Nkem had asked the woman if she planned to move back and the woman turned, her eyes round, as though Nkem had just betrayed her. But how can I live in Nigeria again? she said. When you’ve been here so long, you’re not the same, you’re not like the people there. How can my children blend in? And Nkem, although she disliked the woman’s severely shaved eyebrows, had understood.
Nkem lays the scissors down and calls Amaechi to clean up the hair.
“Madam!” Amaechi screams. “
Chim o!
Why did you cut your hair? What happened?”
“Does something have to happen before I cut my hair? Clean up the hair!”
Nkem walks into her room. She stares at the paisley cover pulled sleek across the king-size bed. Even Amaechi’s efficient hands can’t hide the flatness on one side of the bed, the fact that it is used only two months of the year. Obiora’s mail is in a neat pile on his nightstand, credit card preapprovals, flyers from LensCrafters.
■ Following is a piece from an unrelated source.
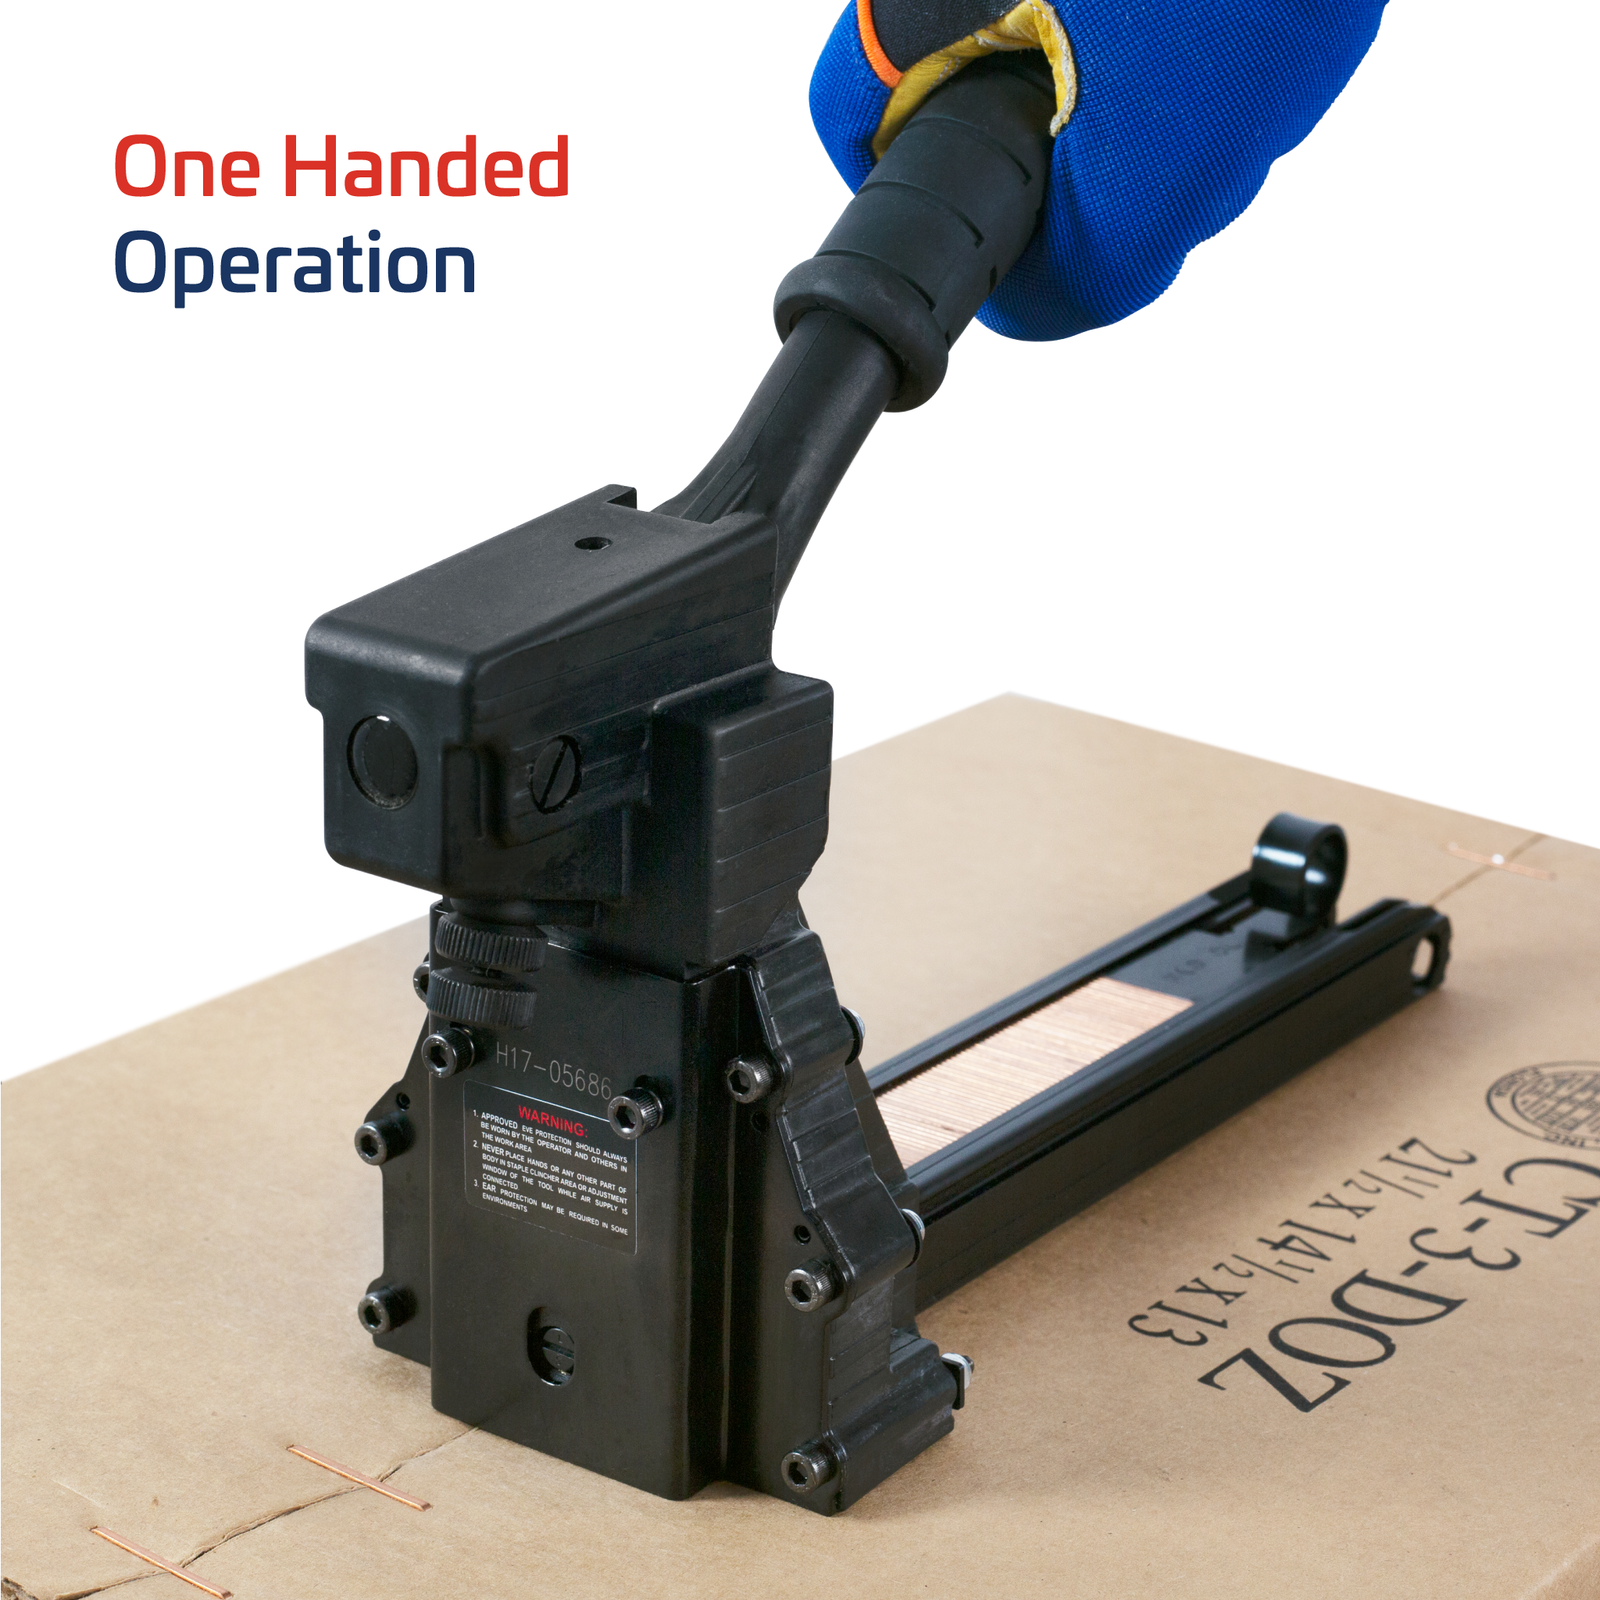 operator wearing blue gloves holding onto black handle stapling boxes. image states in blue/red 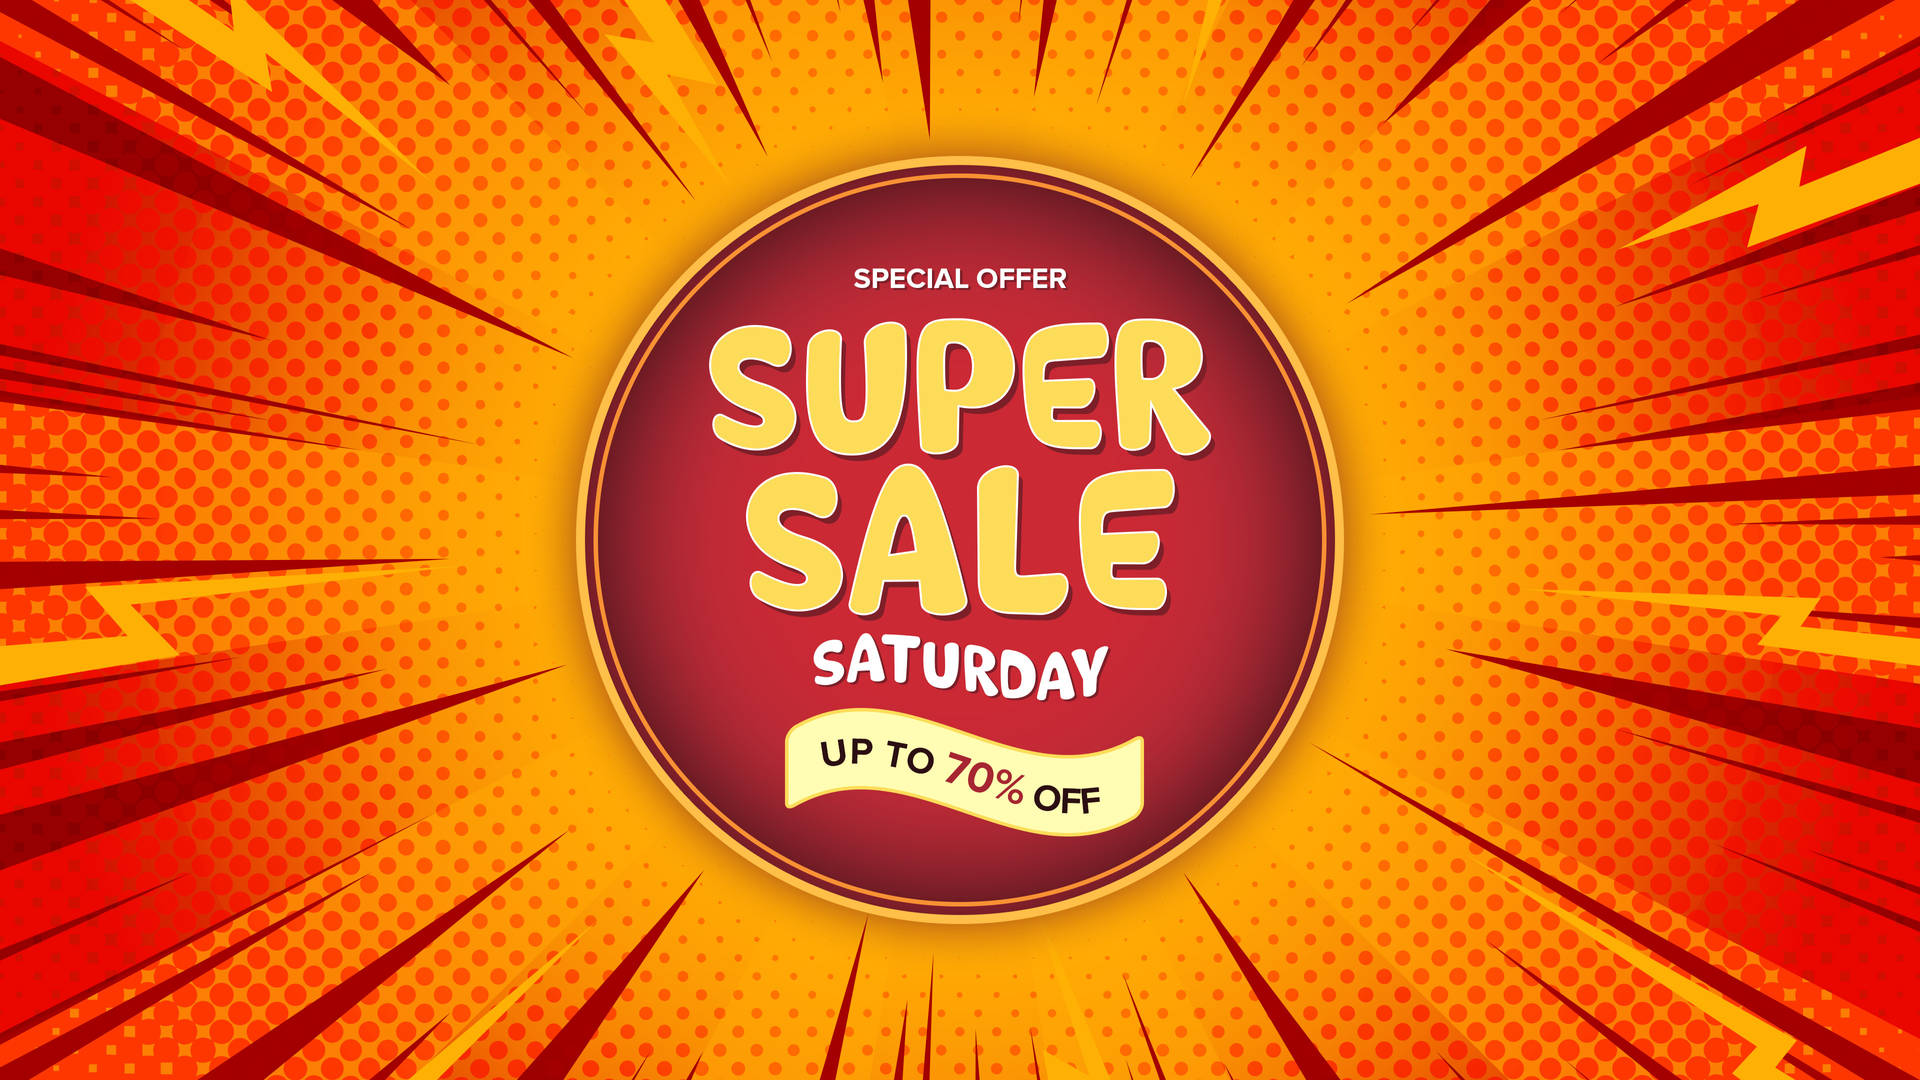 Super Saturday Sale On Red Golden Circle

The people who matter know he really lives in Nigeria.
She comes out and stands by the bathroom as Amaechi cleans up the hair, reverently brushing the brown strands into a dustpan, as though they are potent. Nkem wishes she had not snapped. The madam/housegirl line has blurred in the years she has had Amaechi. It is what America does to you, she thinks. It forces egalitarianism on you. You have nobody to talk to, really, except for your toddlers, so you turn to your housegirl. And before you know it, she is your friend. Your equal.
“I had a difficult day,” Nkem says, after a while. “I’m sorry.”
“I know, madam, I see it in your face,” Amaechi says, and smiles.
The phone rings and Nkem knows it is Obiora. Nobody else calls this late.
“Darling,
kedu
?” he says. “Sorry, I couldn’t call earlier. I just got back from Abuja, the meeting with the minister. My flight was delayed until midnight. It’s almost two a.m. now. Can you believe that?”
Nkem makes a sympathetic sound.
“Adanna and Okey
kwanu
?” he asks.
“They are fine. Asleep.”
“Are you sick? Are you okay?” he asks. “You sound strange.”
“I’m all right.” She knows she should tell him about the children’s day, she usually does when he calls too late to talk to them. But her tongue feels bloated, too heavy to let the words roll out.
“How was the weather today?” he asks.
“Warming up.”
“It better finish warming up before I come,” he says, and laughs. “I booked my flight today. I can’t wait to see you all.”